WHAT YOU WILL DO => Below are records to write out exactly; drop the pictures when you do.

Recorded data
Start of Block

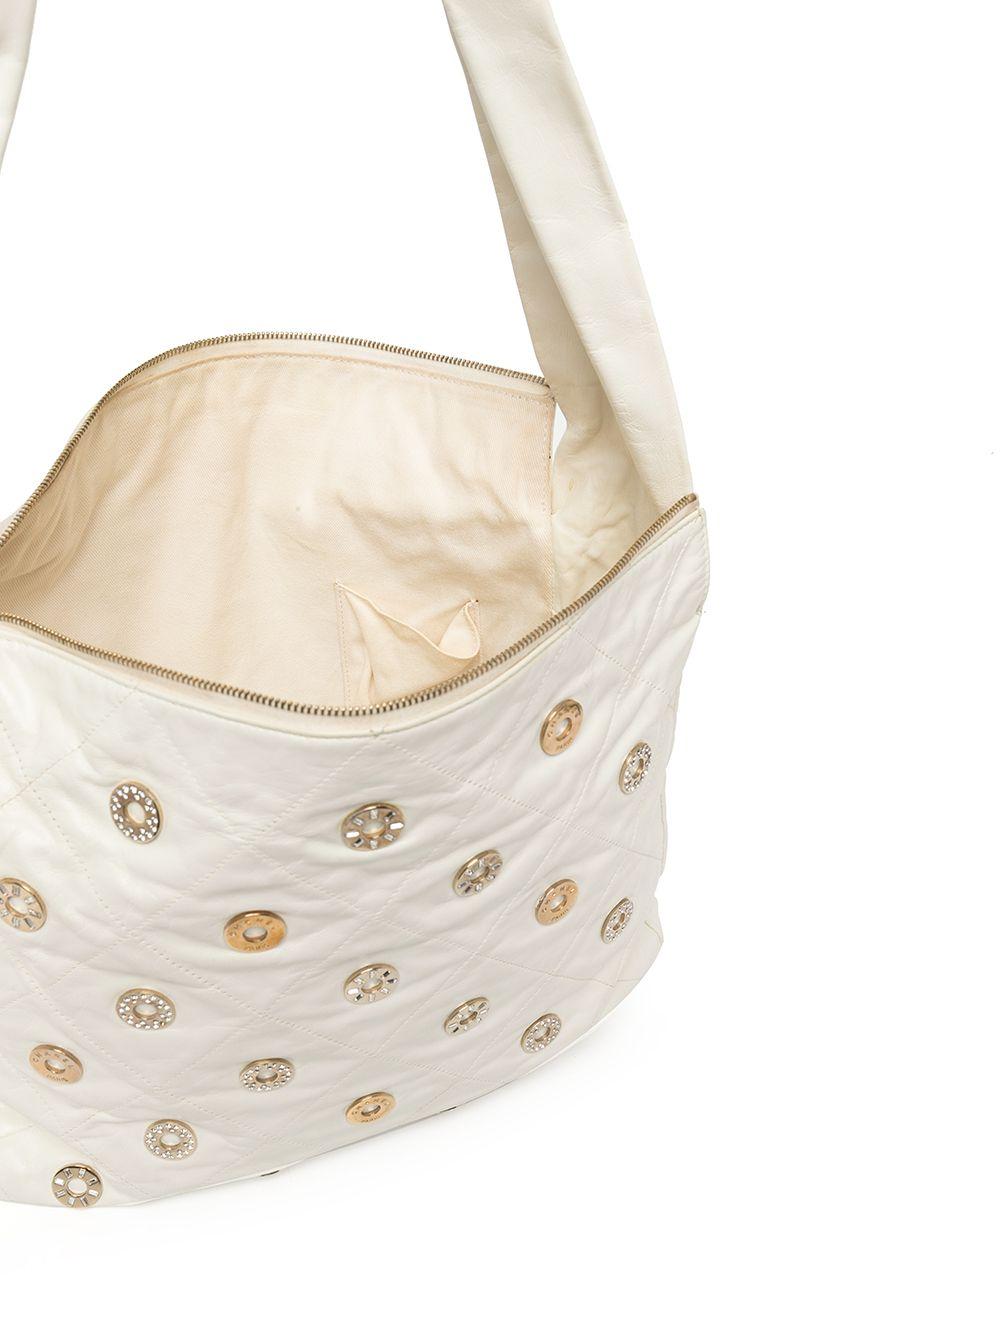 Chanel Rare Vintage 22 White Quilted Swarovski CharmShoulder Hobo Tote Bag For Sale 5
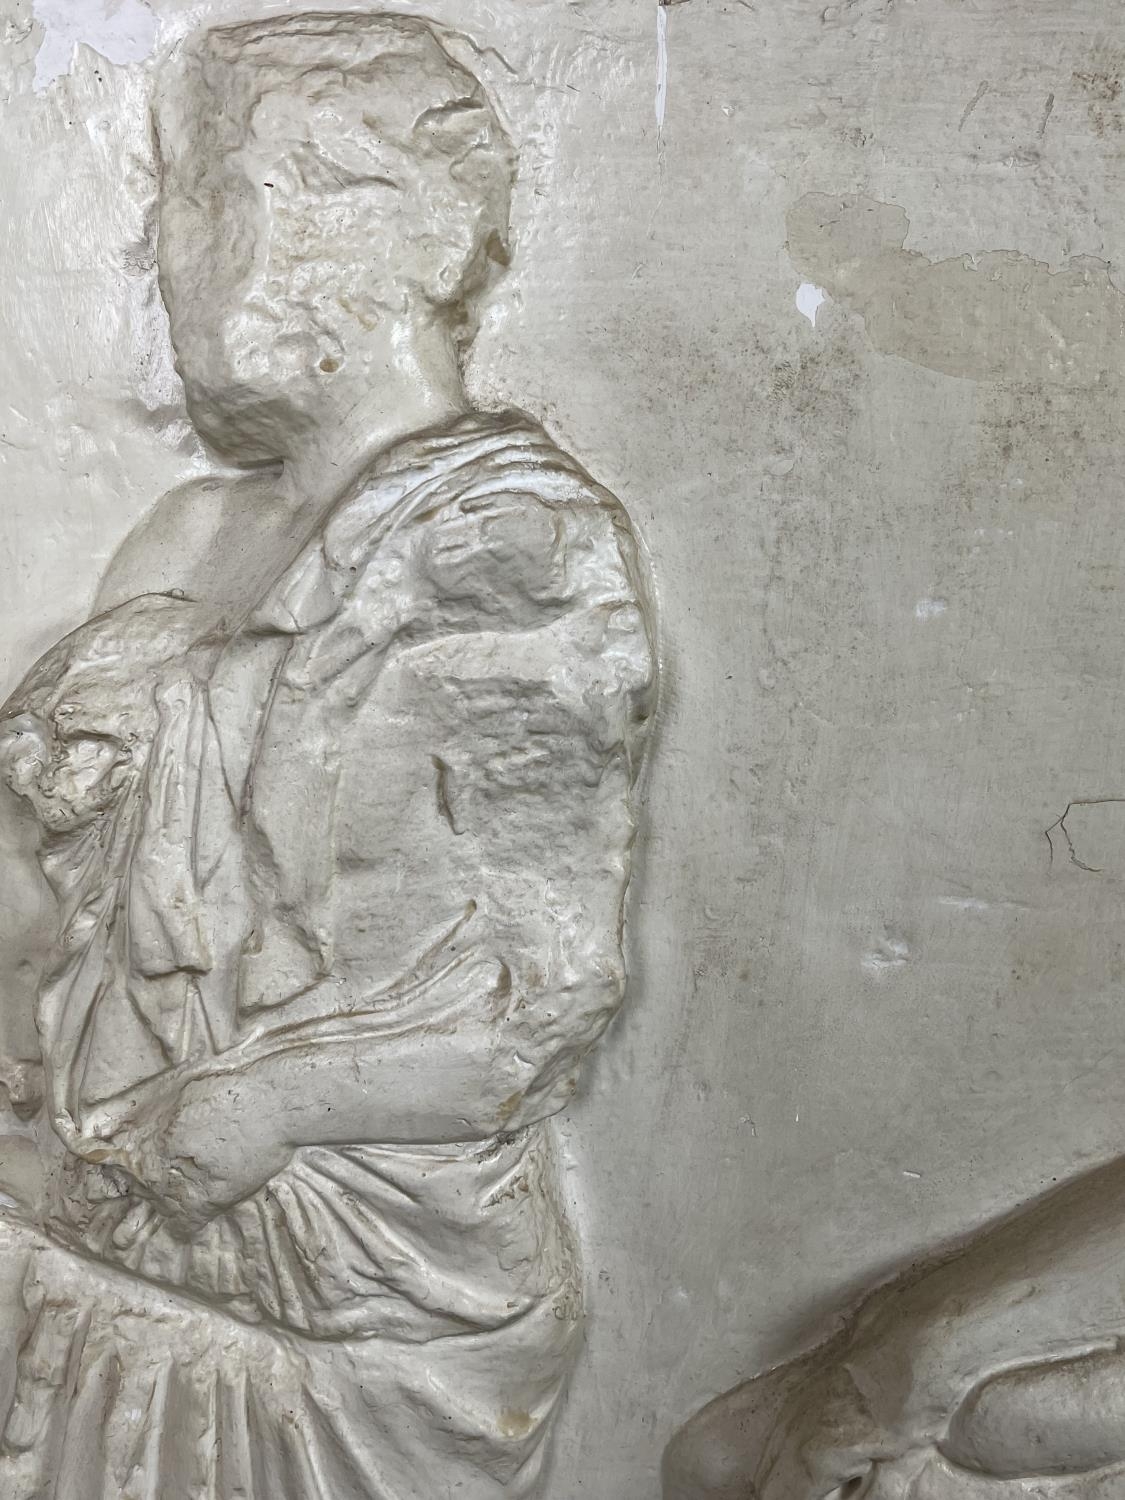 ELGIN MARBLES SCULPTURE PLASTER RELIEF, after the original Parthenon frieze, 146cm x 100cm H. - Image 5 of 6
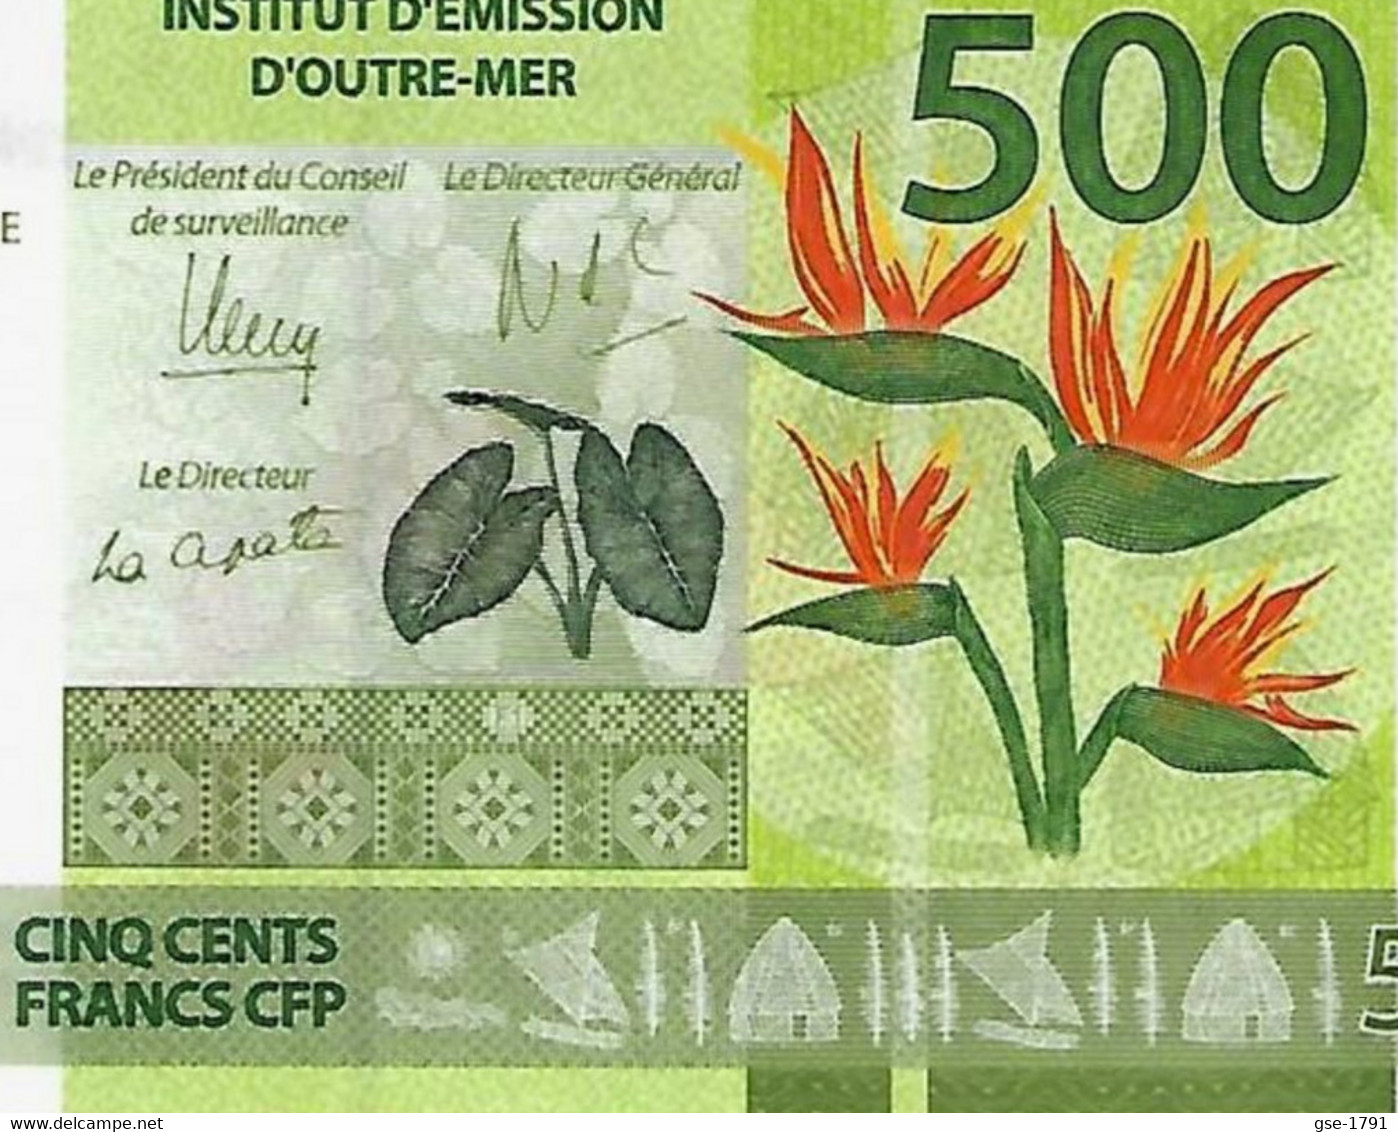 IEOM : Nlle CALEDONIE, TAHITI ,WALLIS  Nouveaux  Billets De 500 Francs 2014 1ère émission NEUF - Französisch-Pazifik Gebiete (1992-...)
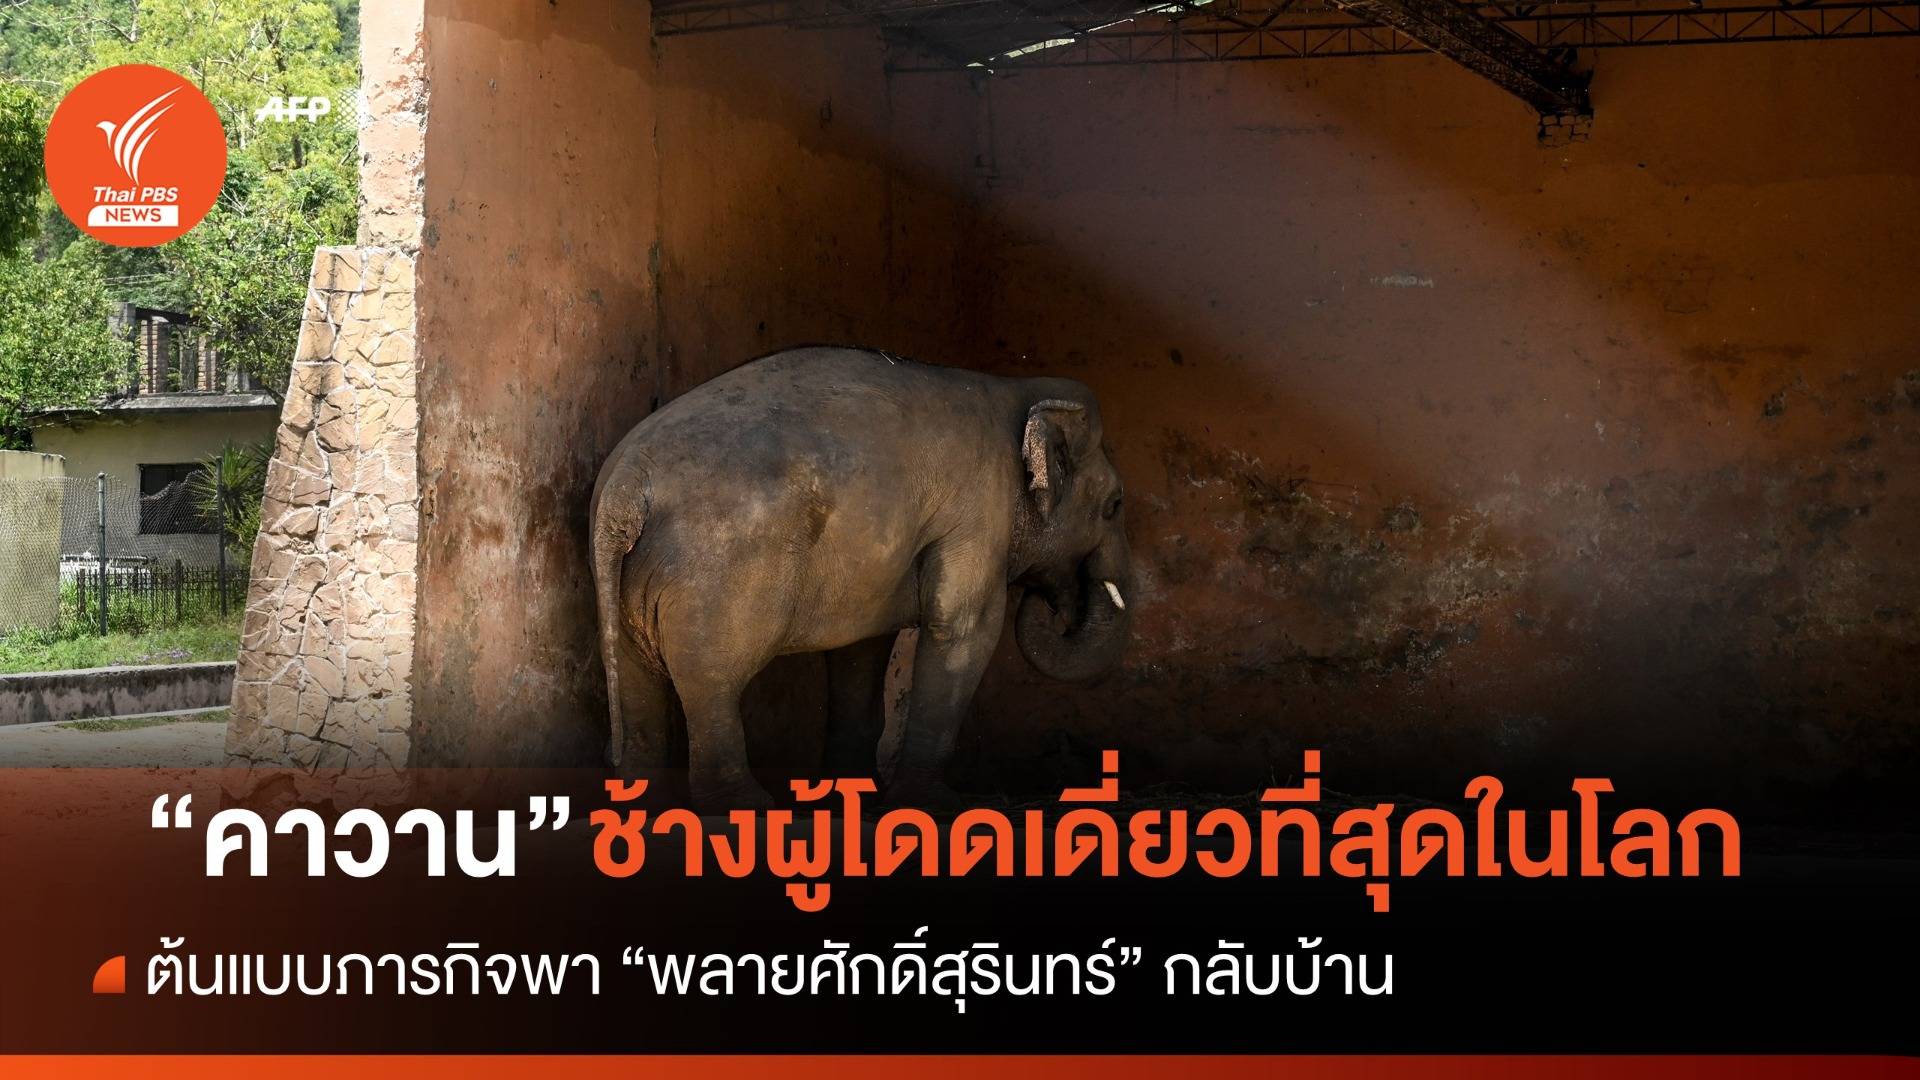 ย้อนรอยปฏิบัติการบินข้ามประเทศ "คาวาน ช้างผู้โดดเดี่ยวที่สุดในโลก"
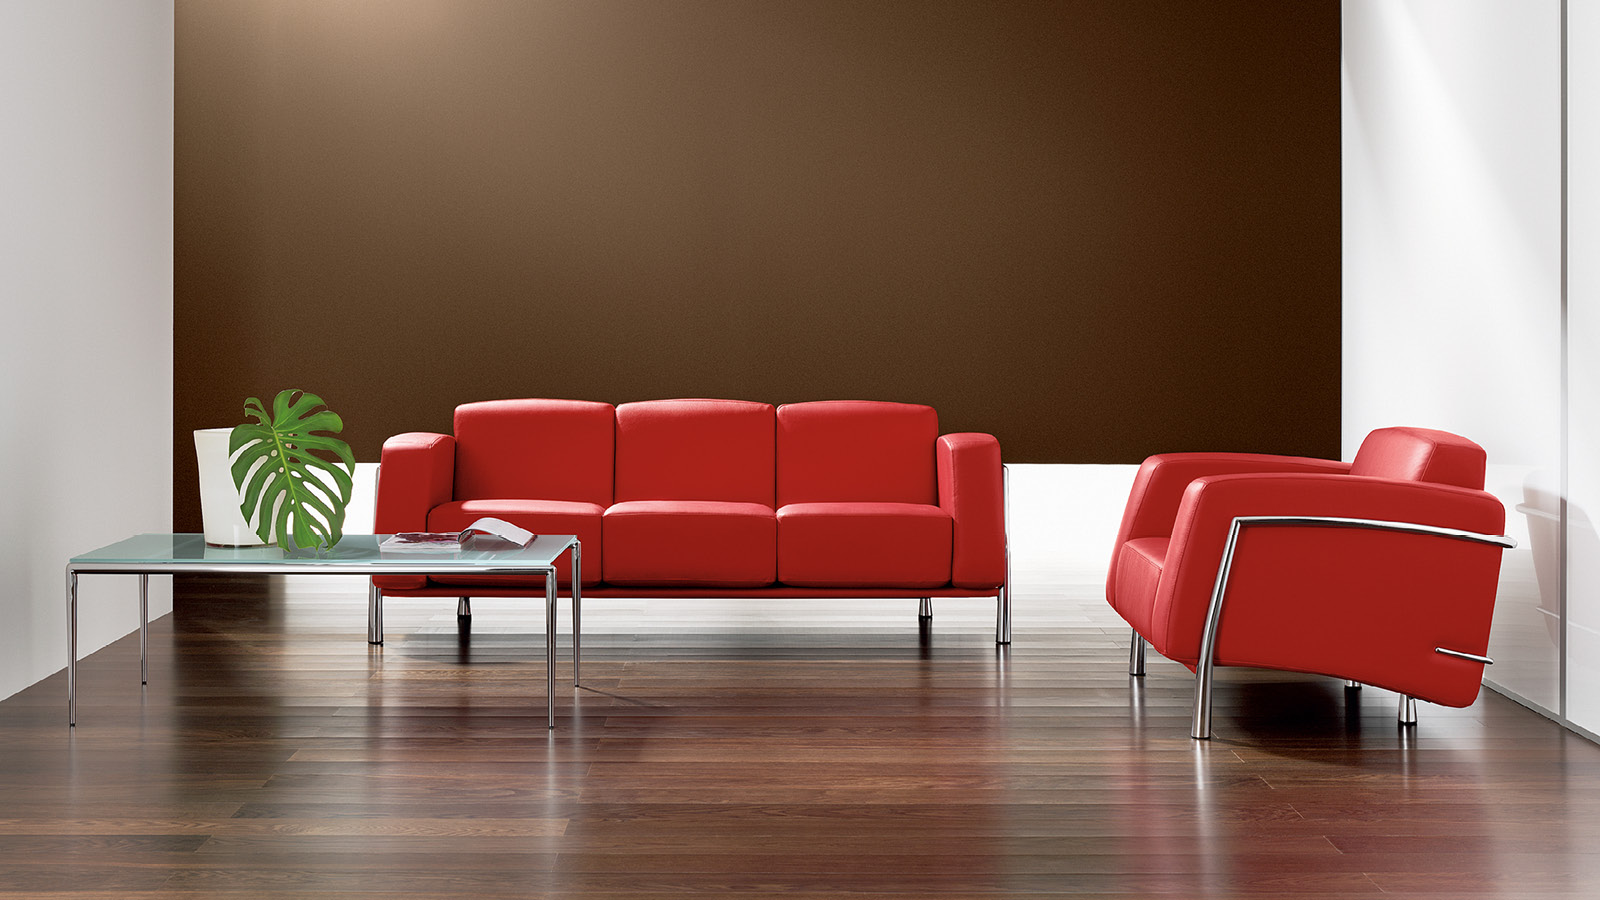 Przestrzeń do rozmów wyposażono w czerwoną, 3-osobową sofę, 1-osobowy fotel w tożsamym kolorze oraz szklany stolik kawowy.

End of Block

ANSWER =>
 Chanel Rare Vintage 22 White Quilted Swarovski CharmShoulder Hobo Tote Bag For Sale 5
 ELGIN MARBLES SCULPTURE PLASTER RELIEF, after the original Parthenon frieze, 146cm x 100cm H. - Image 5 of 6
 IEOM : Nlle CALEDONIE, TAHITI ,WALLIS  Nouveaux  Billets De 500 Francs 2014 1ère émission NEUF - Französisch-Pazifik Gebiete (1992-...)
 ย้อนรอยปฏิบัติการบินข้ามประเทศ "คาวาน ช้างผู้โดดเดี่ยวที่สุดในโลก"
 Przestrzeń do rozmów wyposażono w czerwoną, 3-osobową sofę, 1-osobowy fotel w tożsamym kolorze oraz szklany stolik kawowy.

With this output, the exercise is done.